When one sees a staging of an experimentavite play at the premises of KHOJ, one begins to question whether the agenda to explore boundaries from within the confines of visual arts has been expanded to include and support various ‘cutting edge practices’ across boundaries within the larger realm of artistic practice. However, Zuleikha Chaudhari renders the play more in the manner of an installation using the cast and set to transcend the descriptive category of theater. Therefore at the end of it one sees a theater artist, working in (essentially a ) visual arts space and both complimenting each other...helping each to transcend disciplinary frontiers.

The play as such (Performed on the 21 – 23 April, 2006) was an adaptation of Roland Schimmelpfennig’s Arabian Nights, a heavily loaded text greatly influensed by European readings of the oriental heat and sensuality, though Zuleikha’s rendition of the play subtantially subverts the Orientalist bias. The format of the script is centered on constructs of ‘laid down and available oriental woman’ who is there to be obtained by the ‘active mail’, provided the ‘HE’ goes through his assigned journeys, and encounters with ‘fantasy fate’.
The narrative revolves around five characters (two women, three men), a high-rise apartment building and the male gaze. Heat, water and brandy are the recurring motifs in this play about mystery, lust, love, agony, ecstasy and hallucinatory visions. However what really arrested me throughout my many viewings of Arabian Nights, is how the core narrative centers around an ancient story telling tradition about harems, jealousy, revenge, curse and redemption; yet attempts to contextualize it in a contemporary urban setting...not letting go of the ‘oriental fantasy’ that informs and inspires its root narrative.
What also intruged me is when the essentially ‘male’ script is used and appropriated by a ‘female’ director how she handles the   male gaze and sexualization of the female body.  Zuleikha does a brilliant job in subverting the male gaze without changing the script...but by using entirely formal devices. The gaze is still a motif of sexual desire but is stripped off its sensuality. However, am still not able to pinpoint at what point does the subversion of the gaze happen...does Zuleikha ride on the element of ‘torture’ that the script in-builds and formally exaggerates it in a manner that disallows it to settle in, and combines other formal devices? or is it through a different take all-together? The voyeurism is subverted within the narrative by the manner in which adultery is punished...without any empathy to whether it is intentional or not...perceived or real...in this play breaking sexual barriers lead to death.
Certain uses of formal devices stand out in the play.... first thing that struck me that there was very little acting in the traditional sense of it. The play is more choreographed than directed (in the manner theater defines direction). The play begins with a sanitized all white setting.... and gradually unfolds into the white being disturbed by the grime and sand, which the actors pick up in the course of the performance. This parallels the loss of sanity and the increase in the ‘muck’ that unfolds in the lives of the characters.   
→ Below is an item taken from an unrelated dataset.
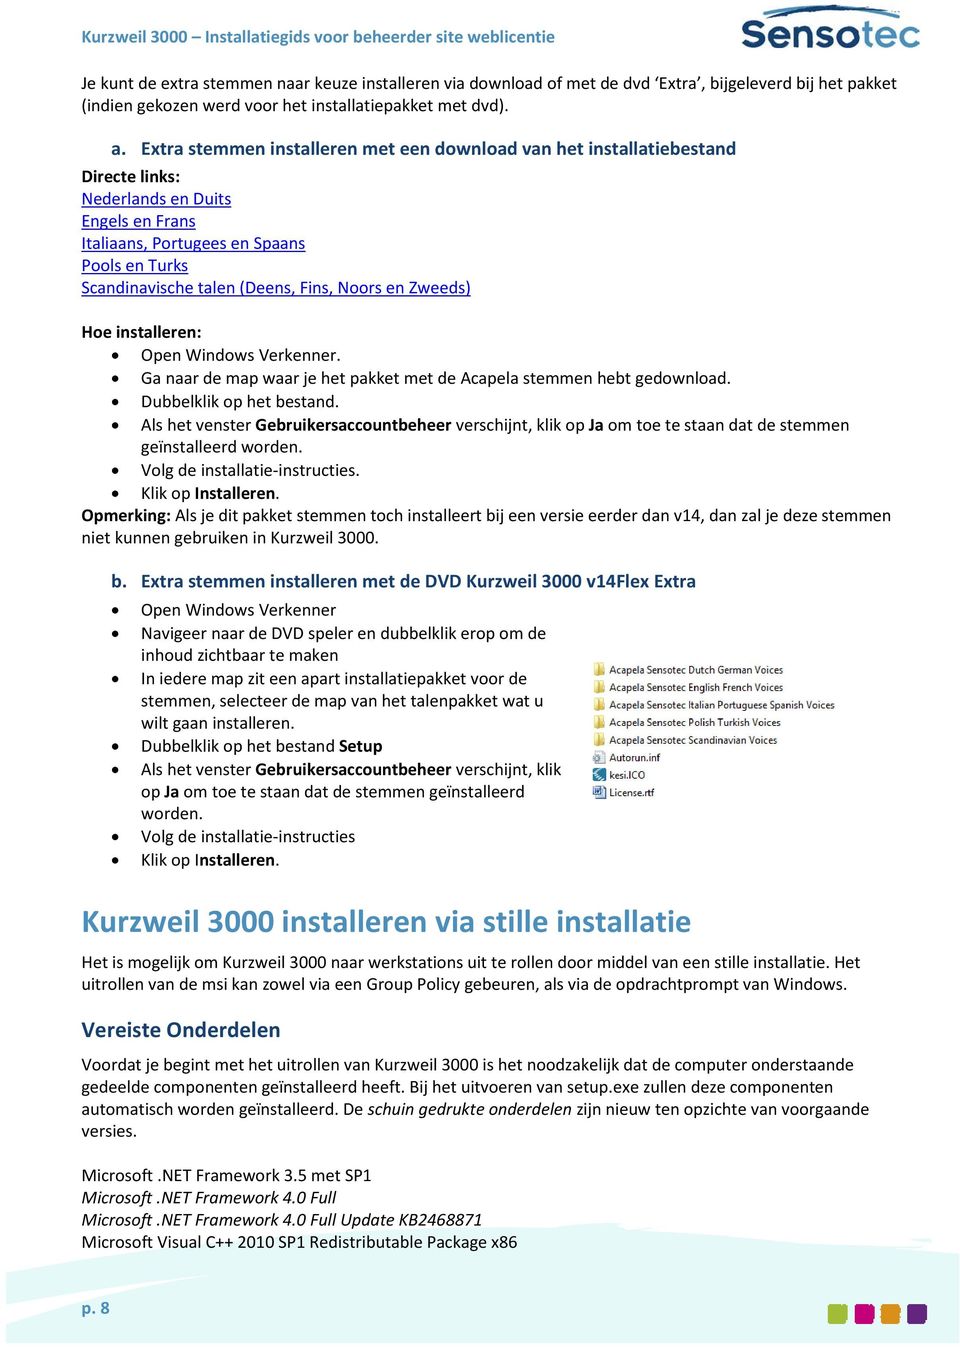 Fins, Noors en Zweeds) Hoe installeren: Open Windows Verkenner. Ga naar de map waar je het pakket met de Acapela stemmen hebt gedownload. Dubbelklik op het bestand.

Like all Zuleikha’s plays... this work is hyper pitched and seeks to maintain a (nearly) one and a half hour crescendo. The result is there is very little room for modulations, resulting in the ‘high’ tending to ‘plateau’ and become an extended flat. This necessarily put a lot of onus of modulation on the acting...requiring them to be high energy throughout...but still be very careful about how they pitch. As it is as an actor it must have been very difficult to employ the traditional modes of maintaining cues as Zuleikha consciously broke the ‘traditional’ links between actions and words...having the audience sitting so close to them. One must admit they did a brilliant job.